• Supplied data:
▽

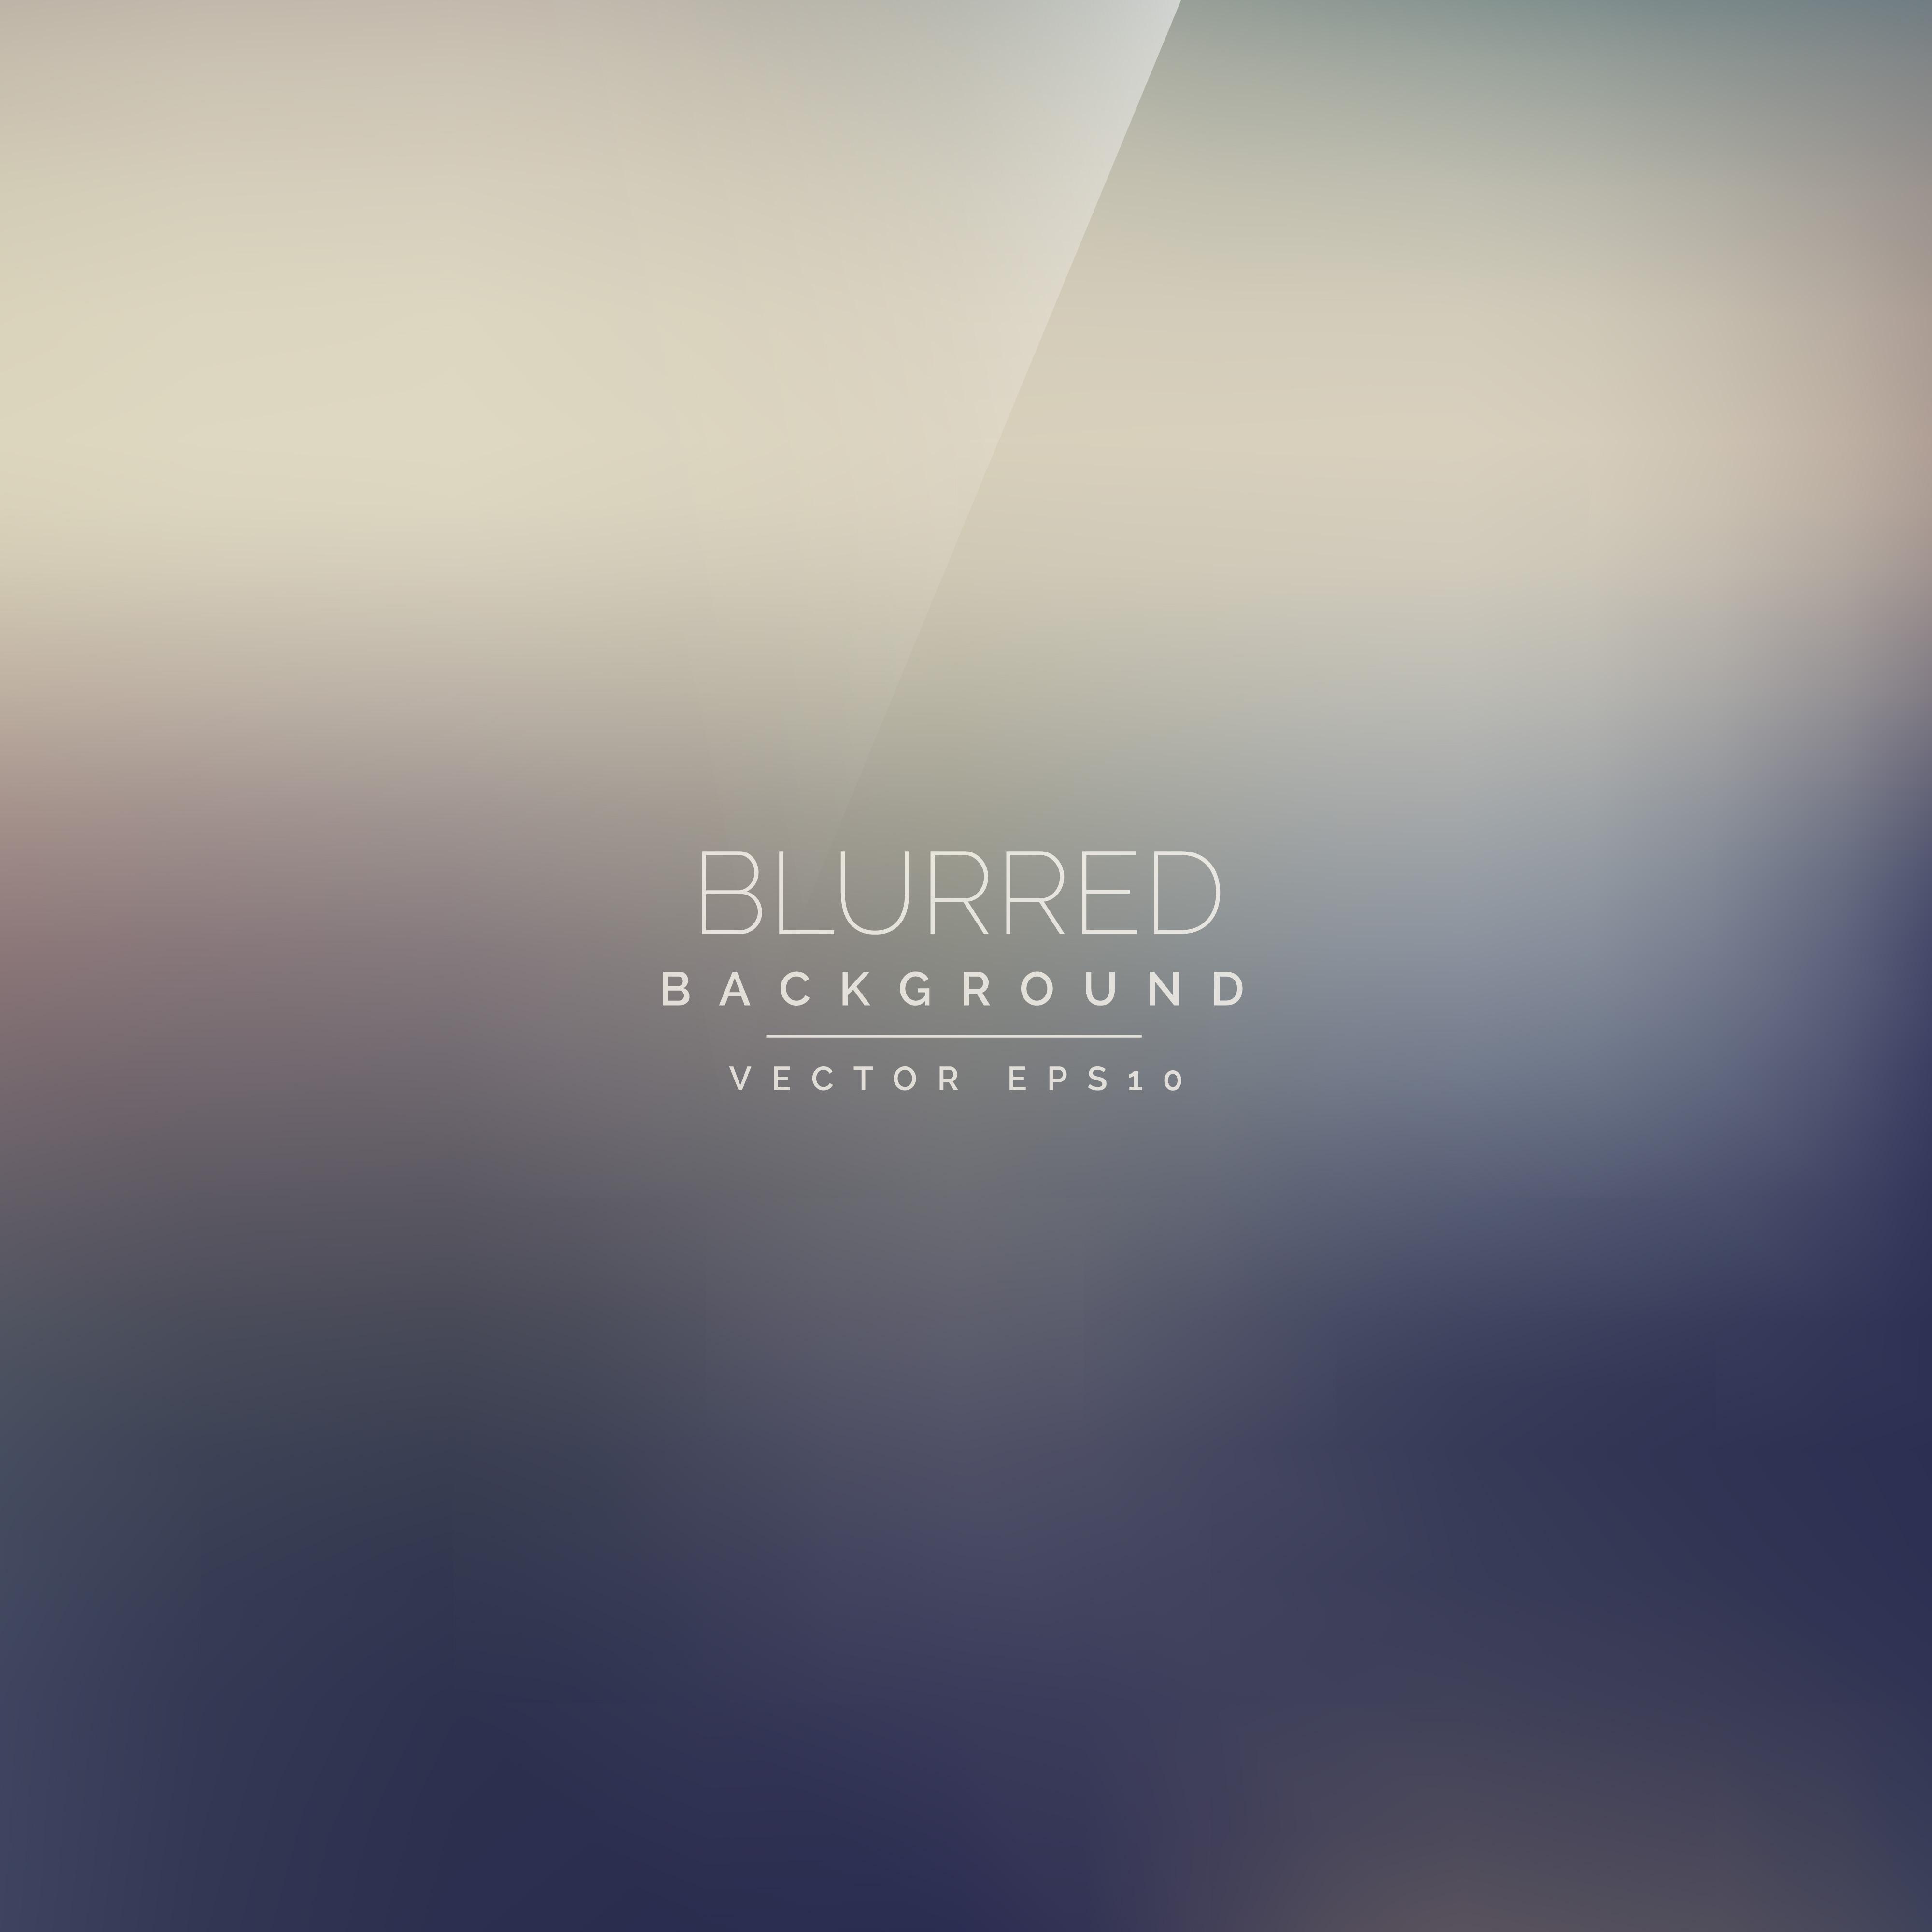 blurred wallpaper free vector art
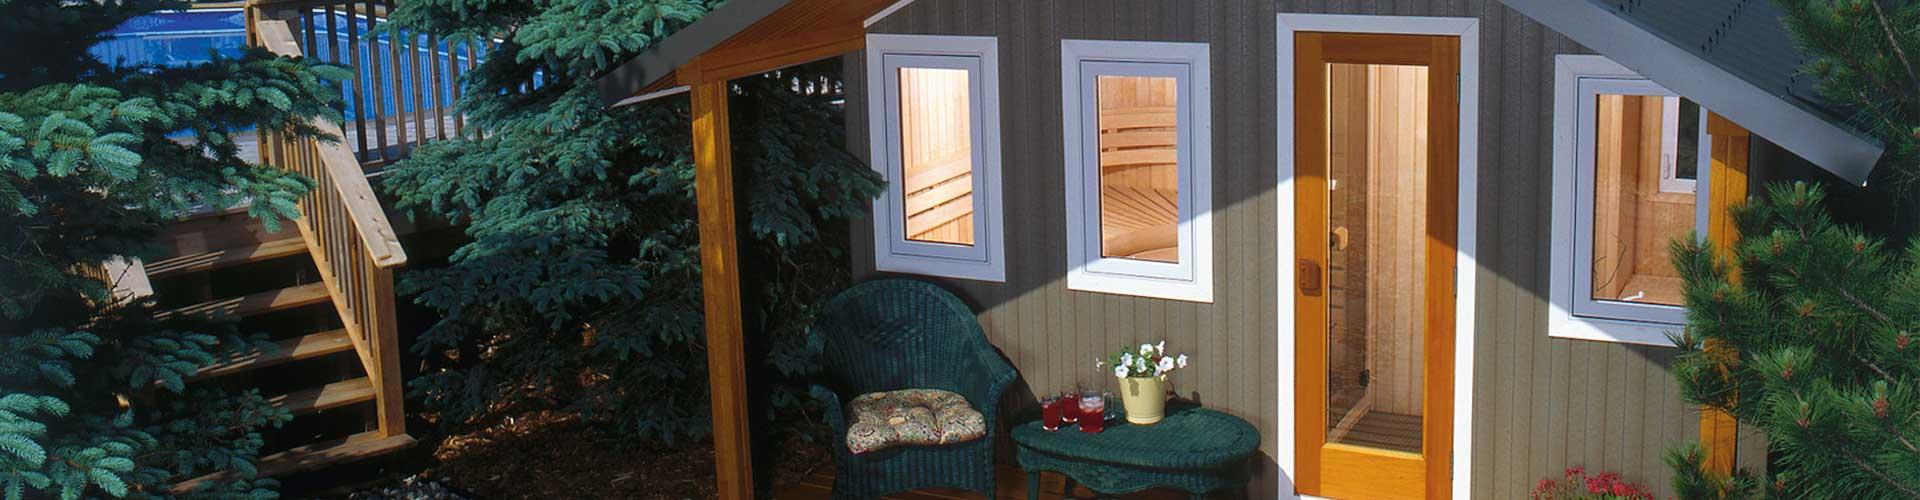 Weight Loss and the Sauna, Infrared Saunas Minneapolis
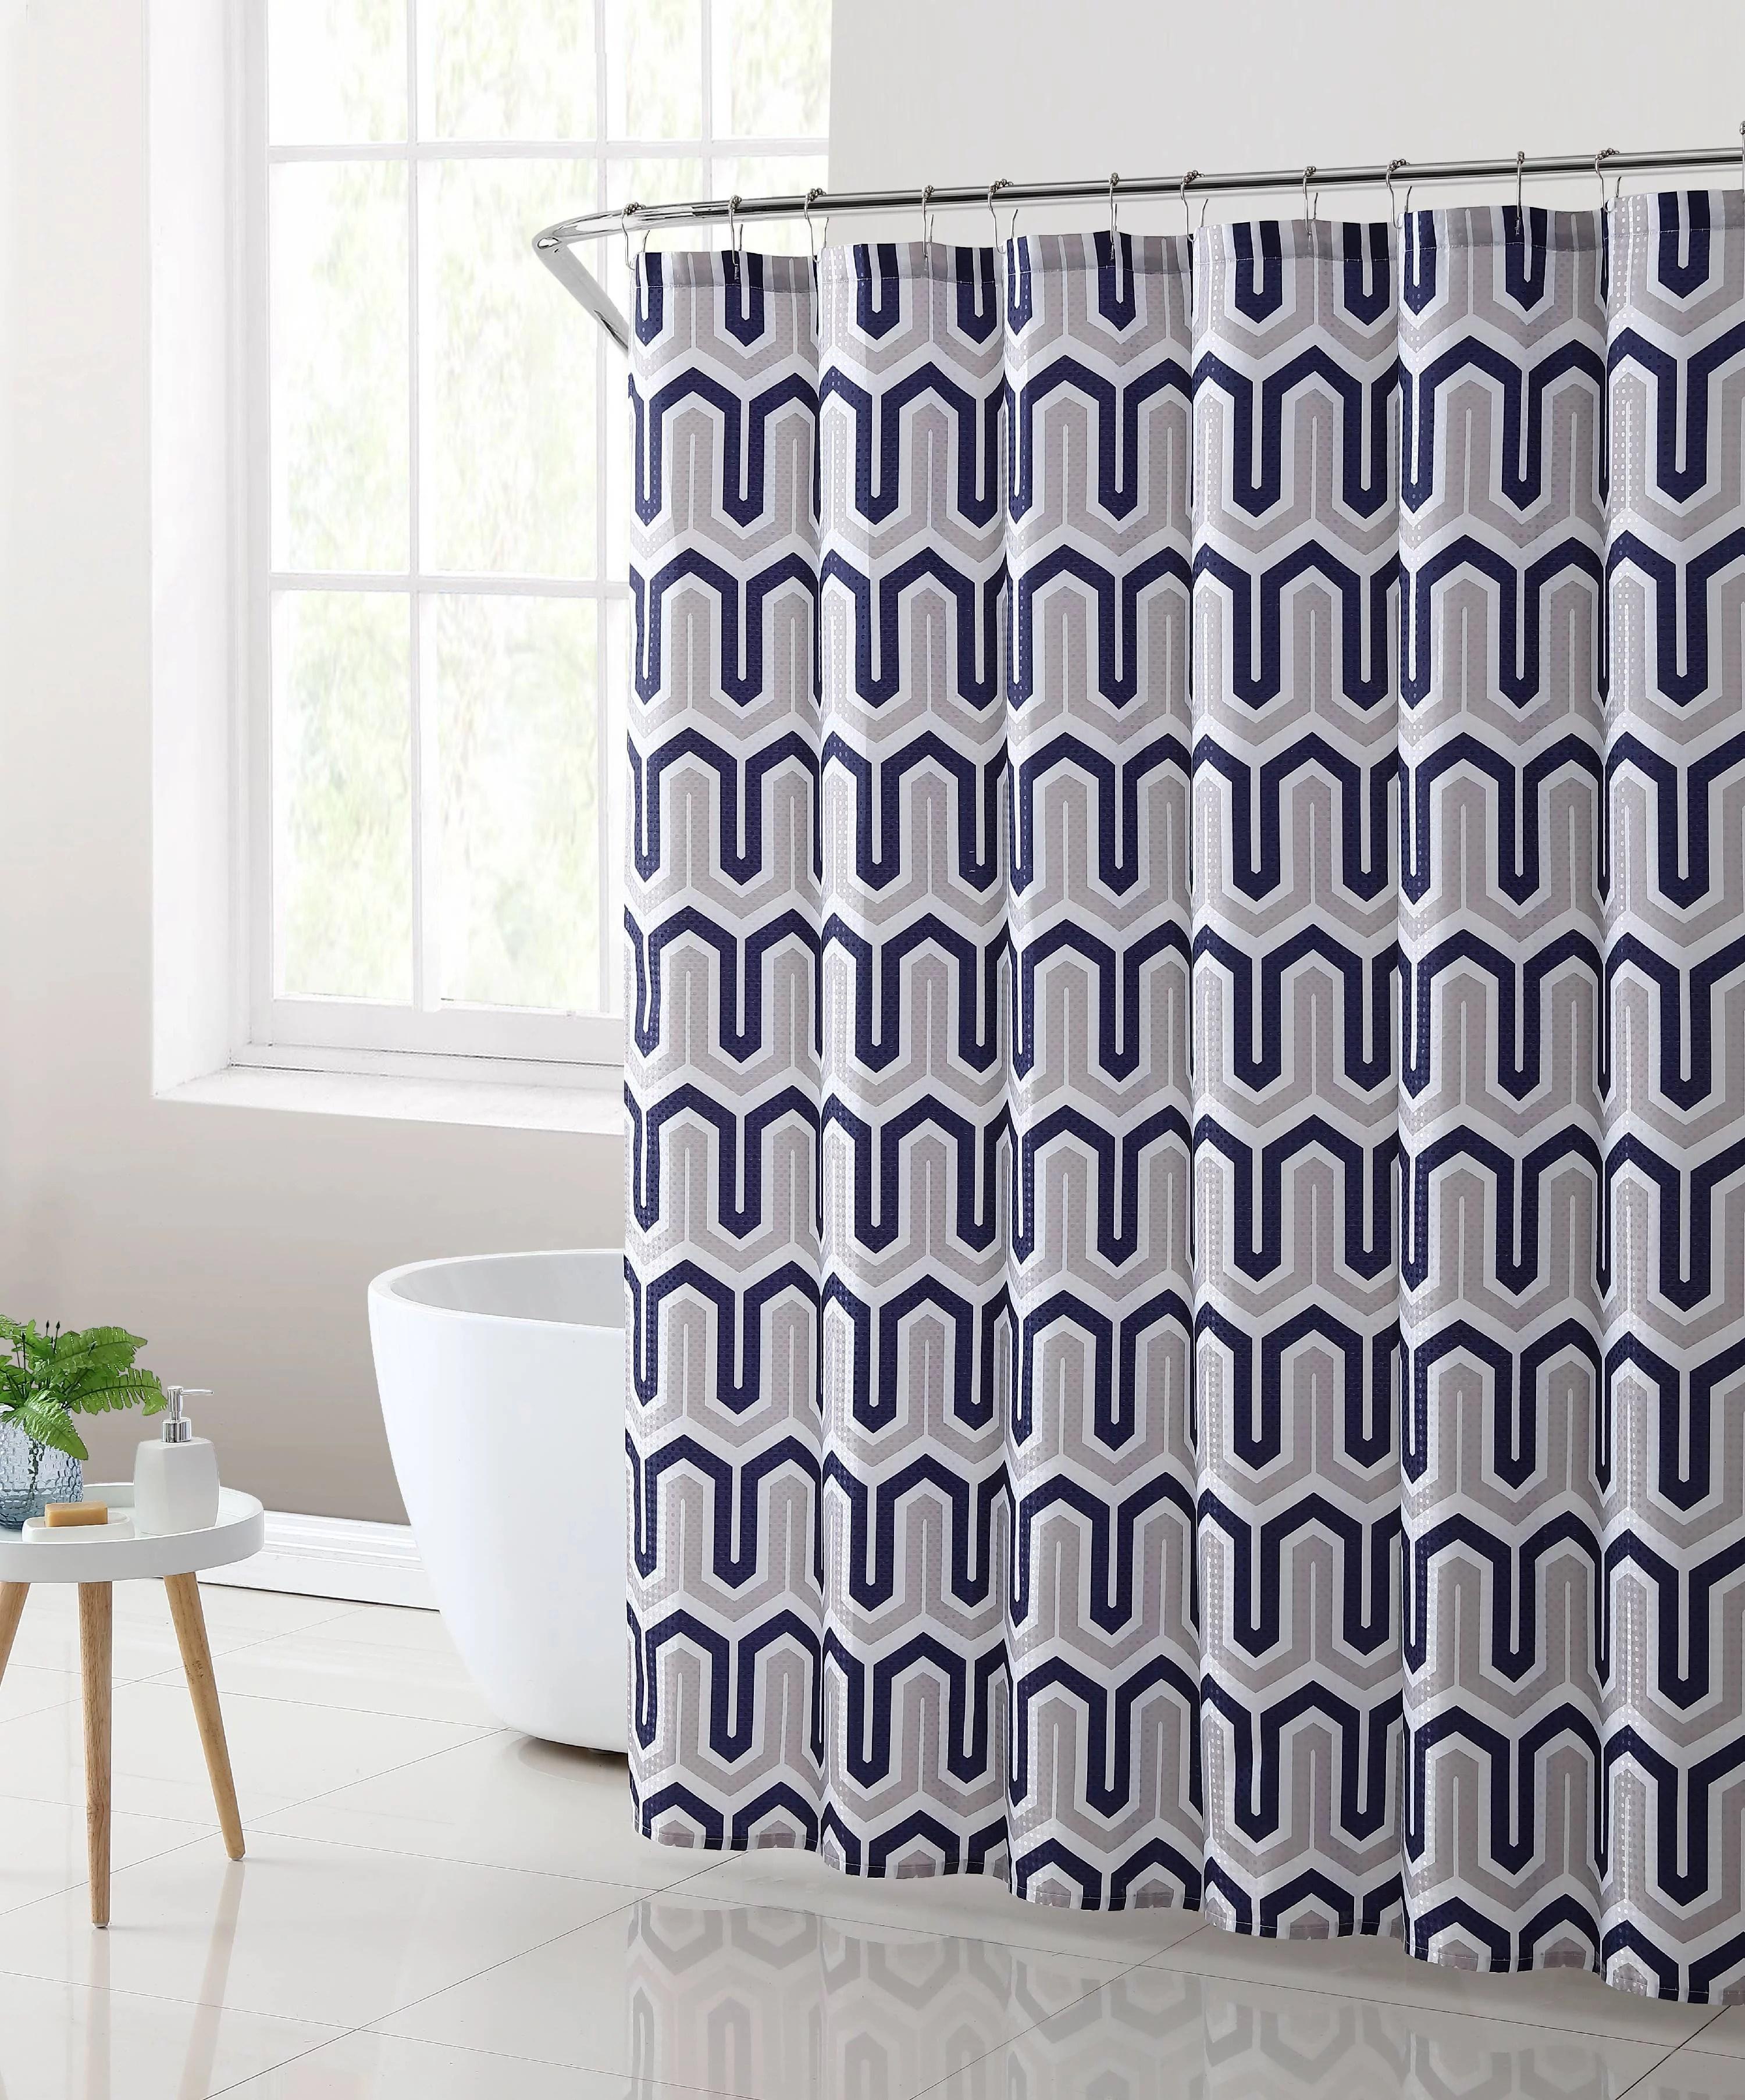 mainstays london geometric fabric shower curtain

△

• Problem requirements: Copy, without the pictures, exactly the lines from the line with "Weight Loss and" through the end of the material above, both ends included.

• Expected answer:
 Weight Loss and the Sauna, Infrared Saunas Minneapolis
 mainstays london geometric fabric shower curtain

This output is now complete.